4.13 In vivo MPO, GSH, and SOD activity assay
For testing the ability of BO/OMV-lipo@LU to alleviate intestinal oxidative stress, the colon tissue homogenate of mice was prepared for MPO, SOD, and GSH activity analysis. According to the manufacturer’s instructions, the activity of MPO, SOD, and GSH was tested using an MPO activity assay kit, a SOD activity assay kit, and a GSH assay kit, respectively.
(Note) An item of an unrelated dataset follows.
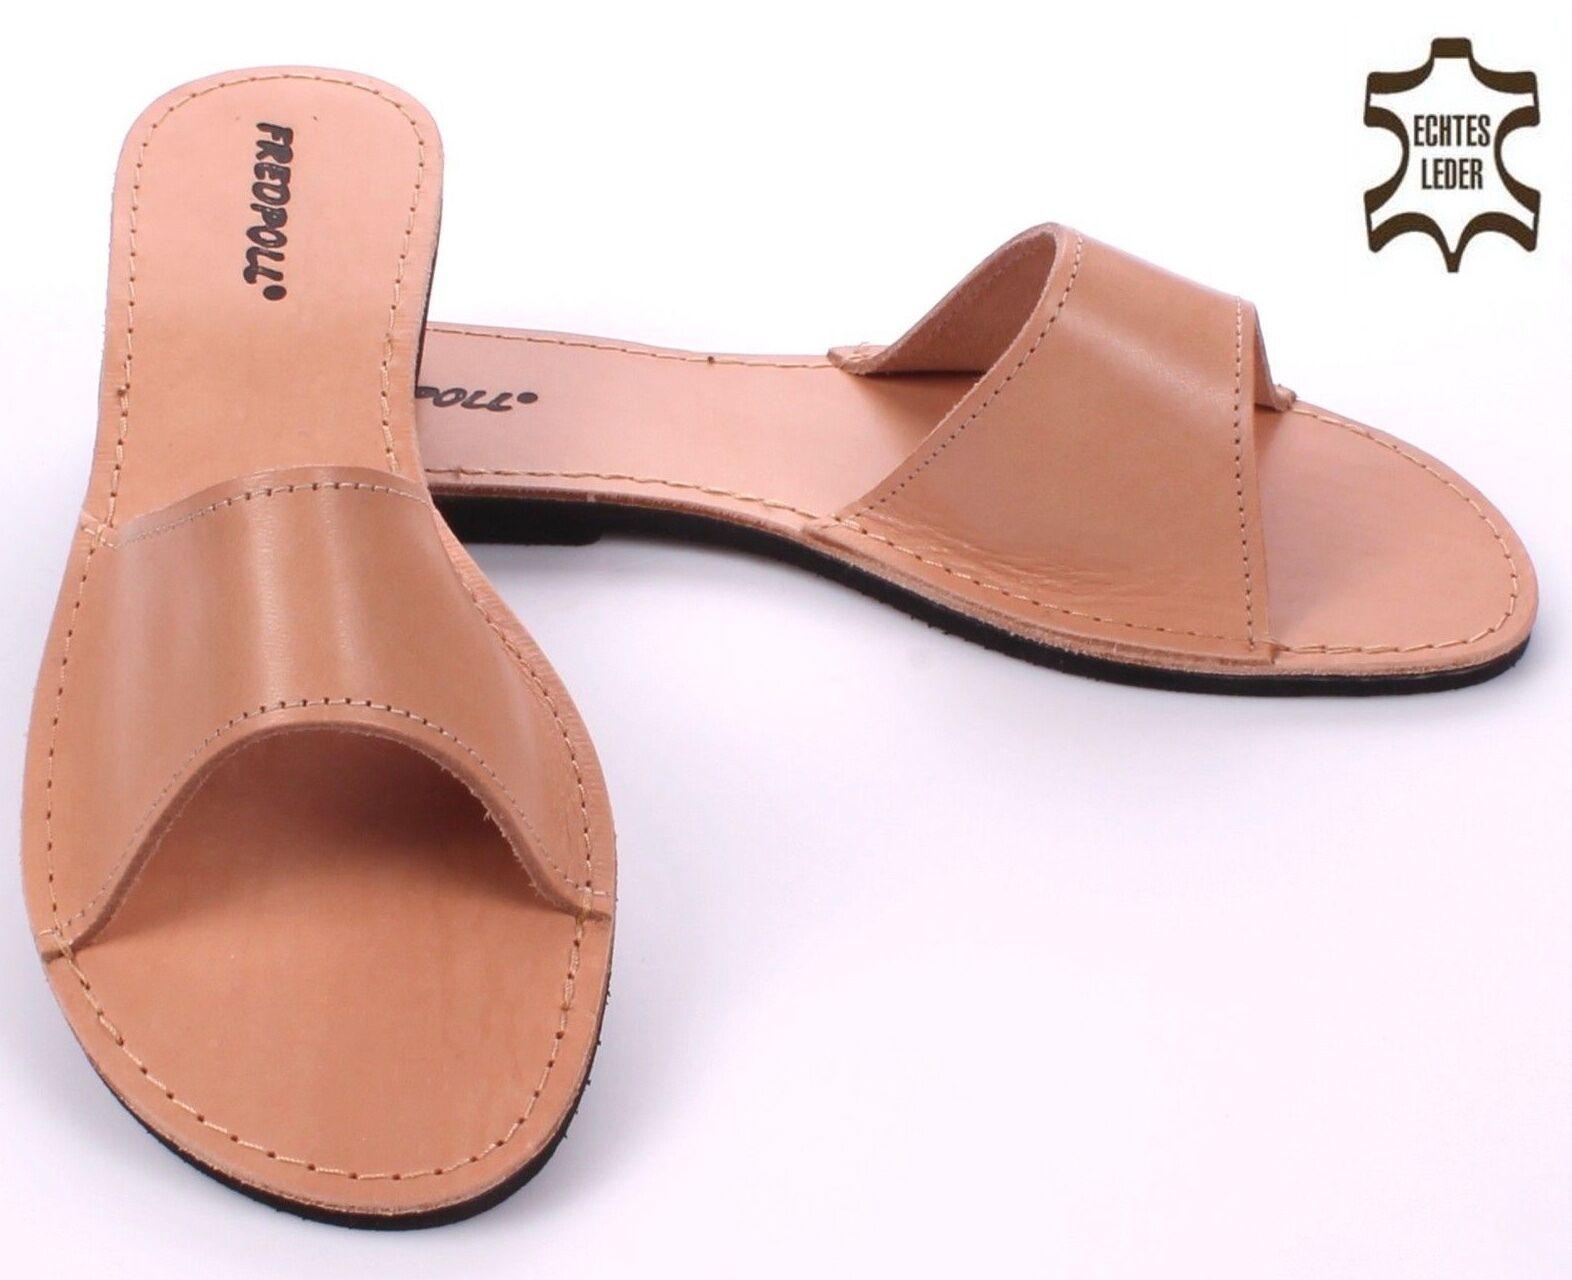 Damen Natur Leder Pantoletten Mod. 04 HausSchuhe Pantoffeln NEU Größe 39 bis 41

4.14 In vivo immunofluorescence imaging of ZO-1 and occludin
The immunofluorescence staining method was employed to detect the expression of tight junction proteins (ZO-1 and occludin) in the colon epithelium. Specifically, the paraffin sections of colon tissue were prepared for multiplex immunofluorescence staining based on the method of tyramide signal amplification (TSA). The sections were dewaxed and placed in EDTA alkaline buffer for antigen repair, followed by 3% H2O2 to block endogenous peroxidase. Then, the tissue sections were blocked using blocking buffer to avoid nonspecific binding and stained with anti-ZO-1 rat monoclonal antibodies (1:50), followed by HRP-labeled goat anti-rat IgG (1:200) and TSA buffer containing the TYR-570Plus red dye. Next, the antibodies were eluted in the citrate antigen repair buffer (pH 6.0). The sections were subsequently reblocked and restained with anti-occludin rabbit monoclonal antibodies (1:200), HRP-labeled goat anti-rabbit IgG, and TSA buffer containing the TYR-520Plus green dye. Nuclei were counter-stained with DAPI. Immunofluorescence images were acquired by confocal laser-scanning microscopy.
4.15 In vivo safety test
Once mice were sacrificed, the main organs (including heart, liver, spleen, lung, and kidney) were separated and weighed to calculate the organ index using the following formula:
$$\:\text{O}\text{r}\text{g}\text{a}\text{n}\:\text{i}\text{n}\text{d}\text{e}\text{x}\:\left(\text{%}\right)=\text{O}\text{r}\text{g}\text{a}\text{n}\:\text{w}\text{e}\text{i}\text{g}\text{h}\text{t}/\text{b}\text{o}\text{d}\text{y}\:\text{w}\text{e}\text{i}\text{g}\text{h}\text{t}\:\text{o}\text{f}\:\text{m}\text{i}\text{c}\text{e}\times\:100\text{\%}$$
3
Then, these organs were fixed in 4% paraformaldehyde and embedded in paraffin. The tissues were sliced, stained with H&E, and observed under a microscope for histological assessments.
4.16 Statistical analysis
All data were expressed as Mean ± SD. Statistical analysis was performed using GraphPad Prism software (Version 9.0). The two-tailed T-test and one-way ANOVA were applied to statistically analyze all data. The data were collected from at least three independent measurements. Statistical significance was defined as *P < 0.05, **P < 0.01, ***P < 0.001, and ****P < 0.0001. ns indicated that there is no significant difference.